What is the grounding wire connected to? If it's connected to mains ground, is Duet ground also connected to mains ground?

Is the extruder motor body also grounded?

curieos

@dc42 The grounding wire is connected to earth ground, and it screws into an aluminum toolhead plate. The grounding wire connected to the 1LC via one of the mounting holes is also connected to the toolhead plate. I can see if there's a low impedance connection between DC ground and earth ground when I get into work today, I assume this would be an issue.
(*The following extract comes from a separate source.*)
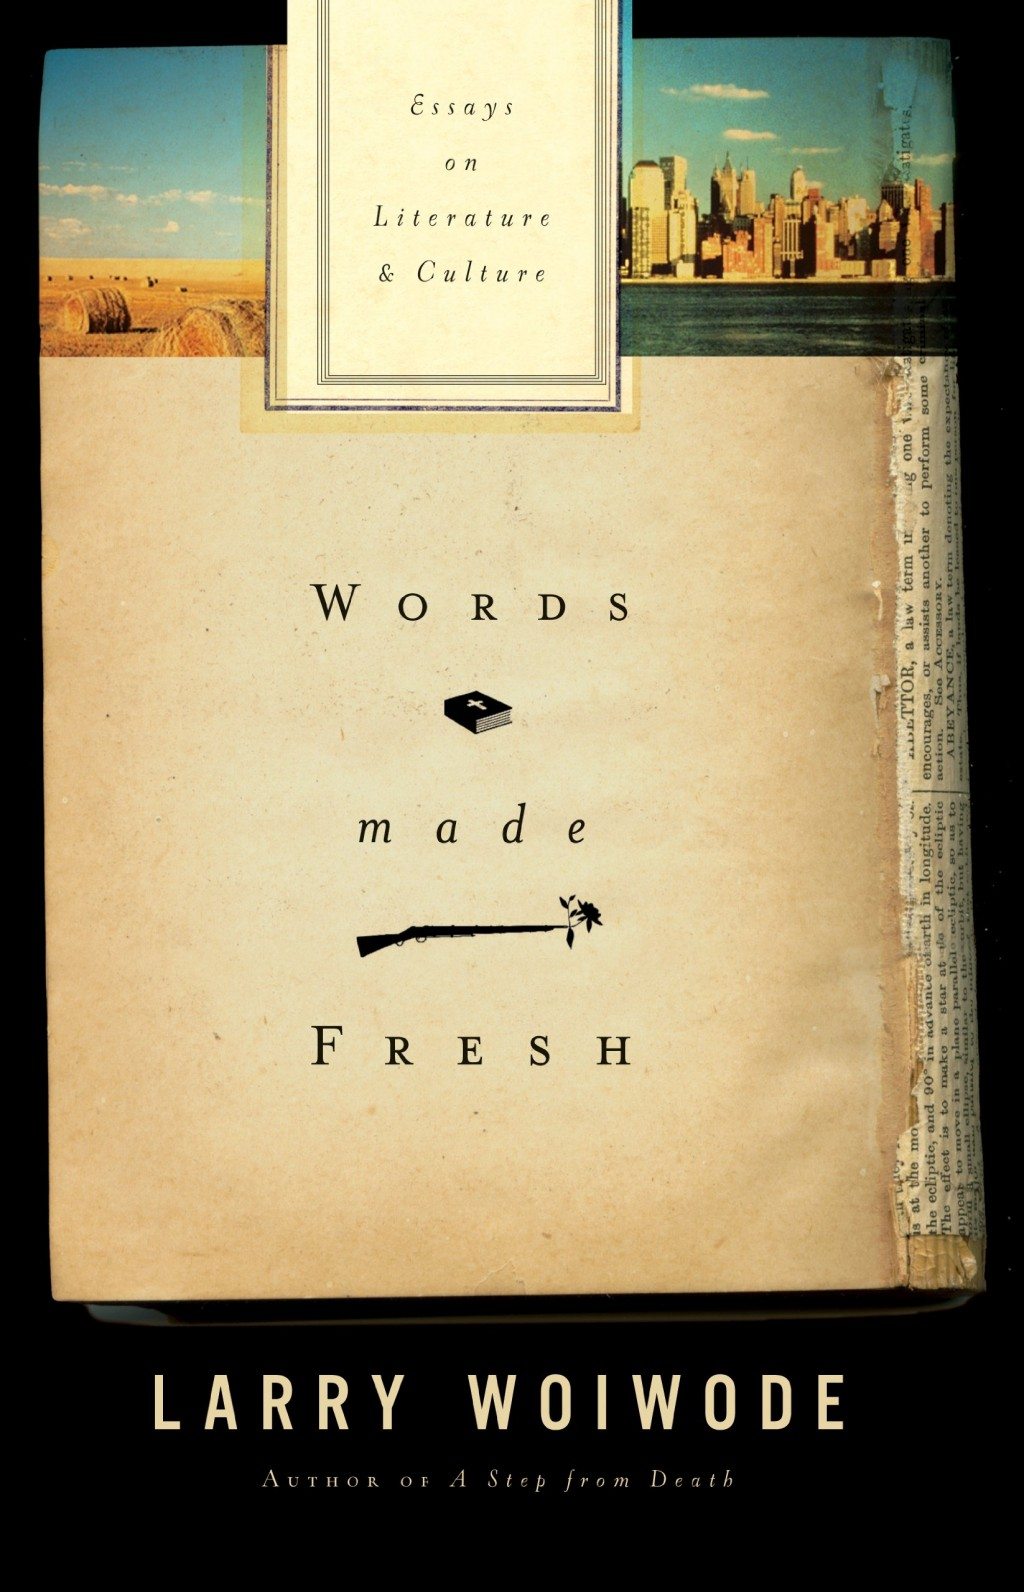 007 812bum Ji26l Fresh Essays Essay Wondrous Contact Customer Service Number Large

The extruder motor body is physically touching said toolhead plate, and the mounting screws go through the toolhead plate. The toolhead plate is anodized, so it's not the most solid connection, but I've checked with a multimeter and there is continuity. The extruder is an LGX Pro, so the hotend mount is made of anodized aluminum, and the hotend metalwork is connected to the toolhead plate through the extruder mounting. I've checked with a multimeter and it detects continuity. If this isn't good enough I can run a discrete grounding wire from the toolhead plate to the coldside of the hotend.

curieos

@dc42 I may have fixed it.

Turns out on this unit, there was a zero impedance connection between DC ground and Earth ground. I found the culprit, the cutout for the ethernet extension plugged into the pi was made upside down. This meant the shielding on the plug was in contact with the aluminum frame panel. The panel is powder coated, but it appears the coating wore away in this area. I flipped it upside down and now the grounds aren't shorted.

I ran a 6 hour print last night and there were no issues. The longest I've seen it go without locking up was 3-4 hours, so I think this means the problem is solved. I'm running a slightly longer print (22.5 hours) now, so that will definitely be definitive.

dc42

@curieos I'm glad you appear to have found the cause! Ground loops can cause various odd behaviour, just like ESD can.

I'll mark this thread as solved but feel free to revert it if the problem recurs.